Tuesday, February 8, 2011

The Office of Pastor in a Congregation

We had a quote from Luther during the "Sunday School" time at church this last Sunday.  We were discussing the "office of the public ministry" and "the office of the keys".  If you'd like to know more about those terms please go to www.lcms.org and I'm sure you'll be able to find what the Lutheran Church - Missouri Synod's teaching position is on these two terms.

Martin Luther

Here is the quote from Luther, however the quote wasn't cited in our "class" so I'm not sure what work it can be found:

If we hold the Word of God in high regard, then we would be glad to go to church, to listen to the sermon and to pay attention.  But if you look more at the pastor than at God; if you do not see God's person but merely gape to see whether the pastor is learned and skilled, whether the pastor has good diction, then you do not have eyes to see the river of the water of life, bright as crystal, flowing from the throne of God and of the Lamb...
I believe that this quote from Luther certainly shows the common day tendency for churches to center themselves around the pastor and not on Christ!  I know that when a pastor dies or leaves his "office" some churches struggle greatly.  I think that error arises from the problem that Luther mentions and also from the pastor taking on too many roles in the Body of Christ!

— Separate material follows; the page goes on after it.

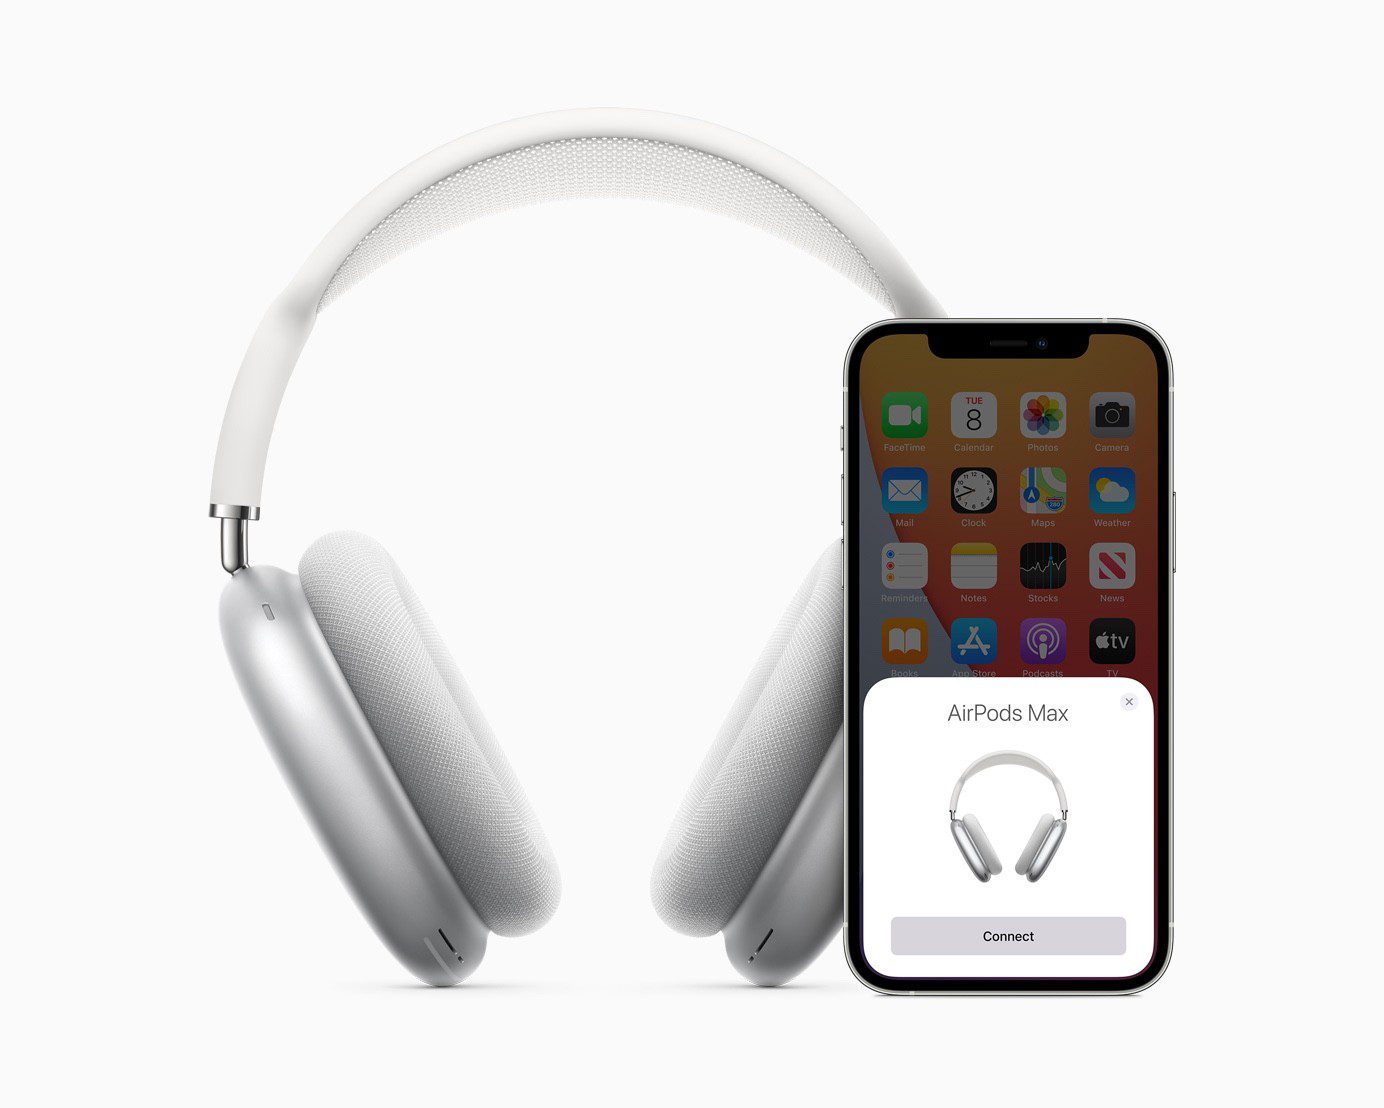 AirPods Max paired up with iPhone 12

Pastors today seem called upon to do everything in the Body of the Christ within a congregation.  Why is it  the pastor always (in most congregations) delivers the Word of God from the "pulpit" on Sundays?  Why is it that the pastor often times always leads the public prayers?  Why is it that the pastor often times leads "Sunday School"?  Why is it that the pastor has to be at all the board meetings and financial meetings?  Why is it that the pastor in a lot of churches is supposed to sit in the office from 9-5?  Who does that help?  Don't most people work during those hours? Why is the pastor the one to always visit the shut-ins and and those in the hospital?  Why is the pastor the one to always baptize and distribute communion if the efficacy of these sacraments lies in the Word of God and not the pastor?  In some churches, the pastor is also the musician who leads worship too!  Why do so many hats fall on the pastor when everyone in a local congregation has spiritual gifts to offer the body?  I think this is one reason that so many pastors burn-out in the ministry.  They're taking roles that other body parts should be doing! 

When you read 1 Cor. 14 you find that everyone has a song to share, a prayer to offer, a word to share, and that all of this must be done for the mutual benefit of the body.  In this same chapter it talks about multiple people prophesying (proclaiming God's Word) in the congregational gatherings.  Also read Romans 12 and 1 Corinthians 12.

The problem I see is much bigger than what Luther says it is.  It's not that we make the mistake of gathering to glean from the pastor and  not from God; we also make the mistake of going to glean just from the pastor alone!  Our services set us up to be judgmental of the pastor!   Our gatherings are like going to see movies or lectures.  Everyone faces forward in one direction and for large parts of the service listen and are not allowed to have free interaction with what is being said; in fact "no talking during church!"  How many times have you heard that, or been told that?

We should not only look to the pastor as God's representative, seeing that the river of the water of life is flowing from God to us through him, but that we should also look to our left and right, and see that everyone in the congregation is also God's representative and has a vital role in the wellspring of the church.

If we do this, we will decentralize from the pastor and center on Christ. 

If we do this, we will defend against pastor burn-out.

If we do this, we won't have to worry about the absence of a pastor or the leaving of a pastor.  Although, if we do this and begin to utilize the gifts of more people during our gatherings and during our church activities then the replacing pastor might have a problem because he might not be the one opening up the pot-luck with prayer and if he does he might not be the only one to verbally offer up a prayer to the Lord.